SMEs have been urged to beef up their cybersecurity defences as attacks increase exponentially.
Manager of newly created national cybersecurity entity Cyber Ireland, Eoin Byrne told Cork Chamber’s monthly business breakfast that cybercriminals were increasingly focusing on SMEs and not just bigger firms and multinationals.
The CIT-based researcher said a recent US study found 60% of SMEs that had sustained a serious cyber attack had failed to recover and faced closure after six months.
With Ireland hosting a third of data in the EU, it provided a "massive opportunity" to become a world leader in cybersecurity with the available talent pool, but only if it was made a higher priority by Government.
Mr Byrne said it was perhaps time for the Government to look at moving cybersecurity to a different department than Communications in order to give it a higher focus.
In order for a national strategy to be successful, industry had to be partnered with academia and Government, Mr Byrne said.
Chief executive of Cork cybersecurity firm Smarttech247, Ronan Murphy said the industry had "tremendous challenges" to overcome with two million job vacancies worldwide.
With the global internet economy worth €4 trillion, criminals were able to currently extract up to €1 trillion, he said.
SMEs were particularly vulnerable, he said, with many previously not disclosing being breached for reputational purposes.
However, with legal obligations to report breaches under the EU's most comprehensive reform of data law, the general data protection regulation (GDPR), it was becoming a major challenge for SMEs, according to Mr Murphy.
He said his firm had paid hackers €530,000 on behalf of clients since January, despite advising them not to pay.
SMEs were "low hanging fruit and easy money" for criminals because of a lack of sophisticated defences and even basic housekeeping internally, Mr Murphy said.
Mike Harris of Grant Thornton said senior managers at firms had to lead the way when it came to cybersecurity.

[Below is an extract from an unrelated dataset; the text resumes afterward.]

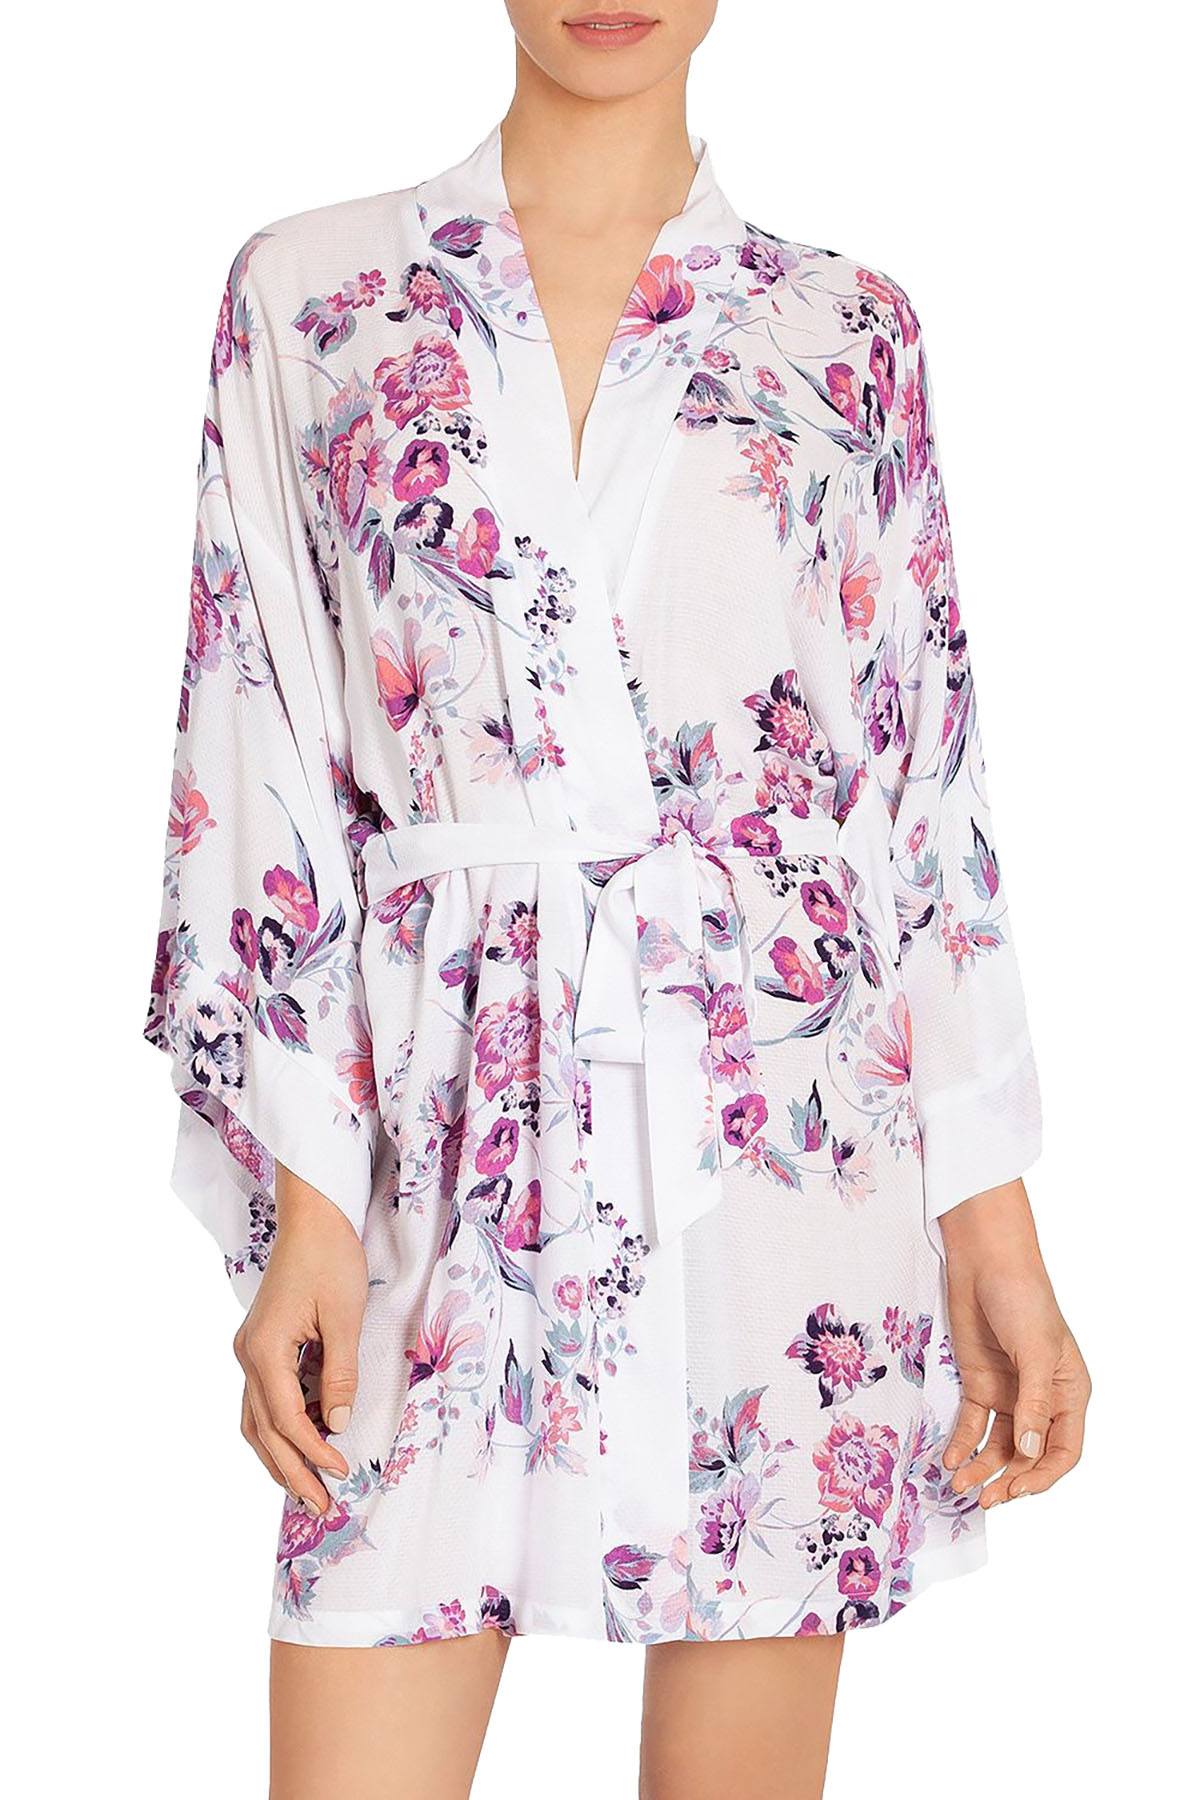 In Bloom By Jonquil Floral Wrap Kimono in Ivory/Mauve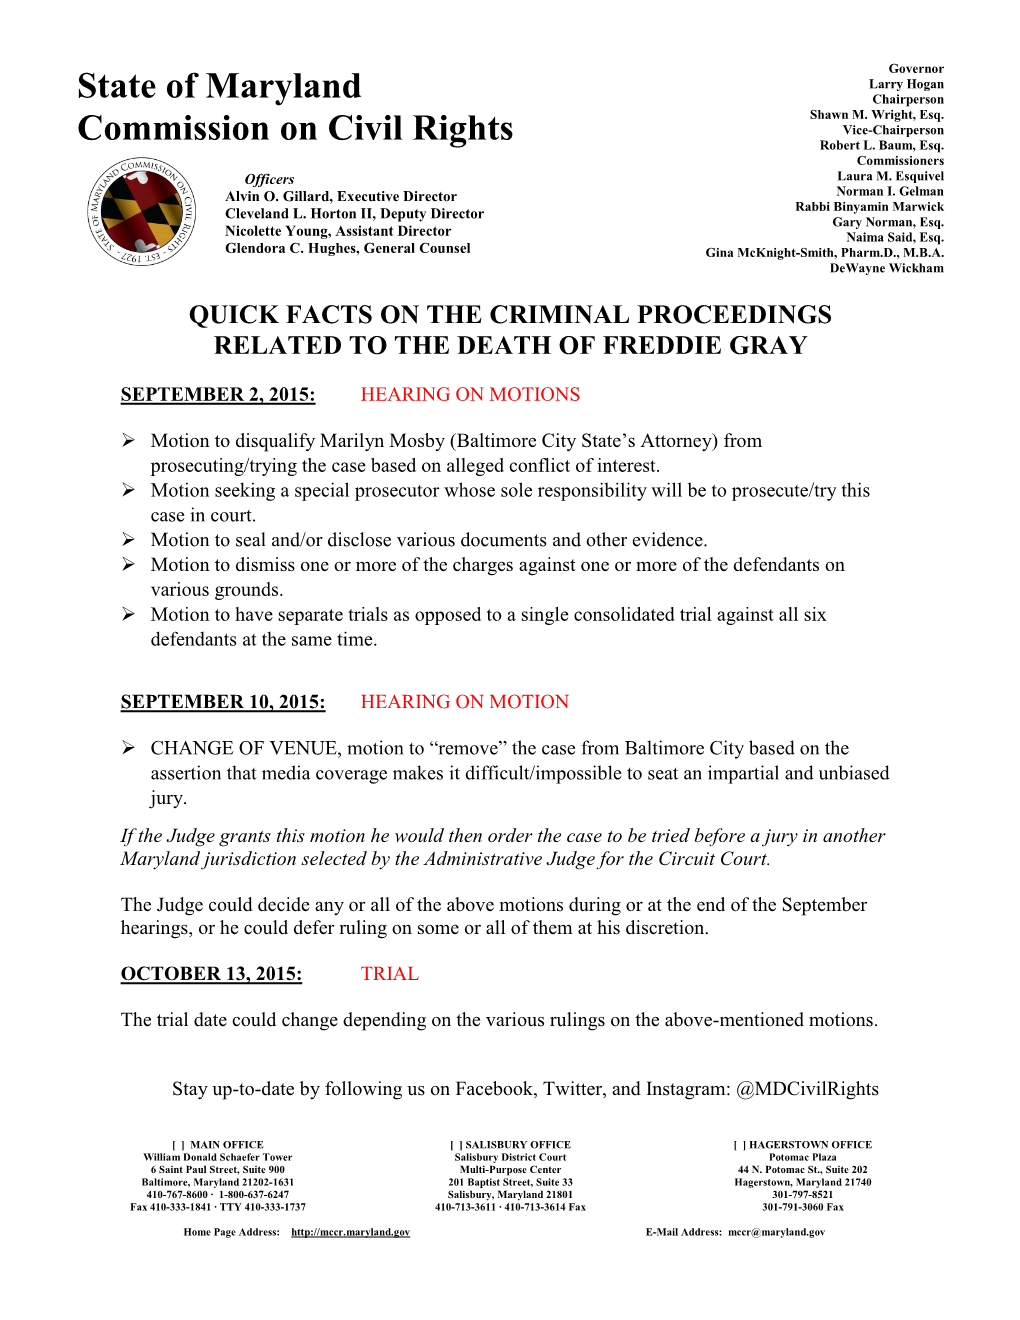 Quick Facts on the Criminal Proceedings Related to the Death of Freddie Gray

They had to have systems in place to deal with a cyberattack, and it was imperative that they practice their plans repeatedly in order to minimise fallout when it happened, he said.
He said the former head of the FBI and special counsel who investigated alleged Russian efforts to sway the 2016 US election, Robert Mueller, was on record as saying there were only two types of companies -- those who had been hacked, and those who would be hacked in the future.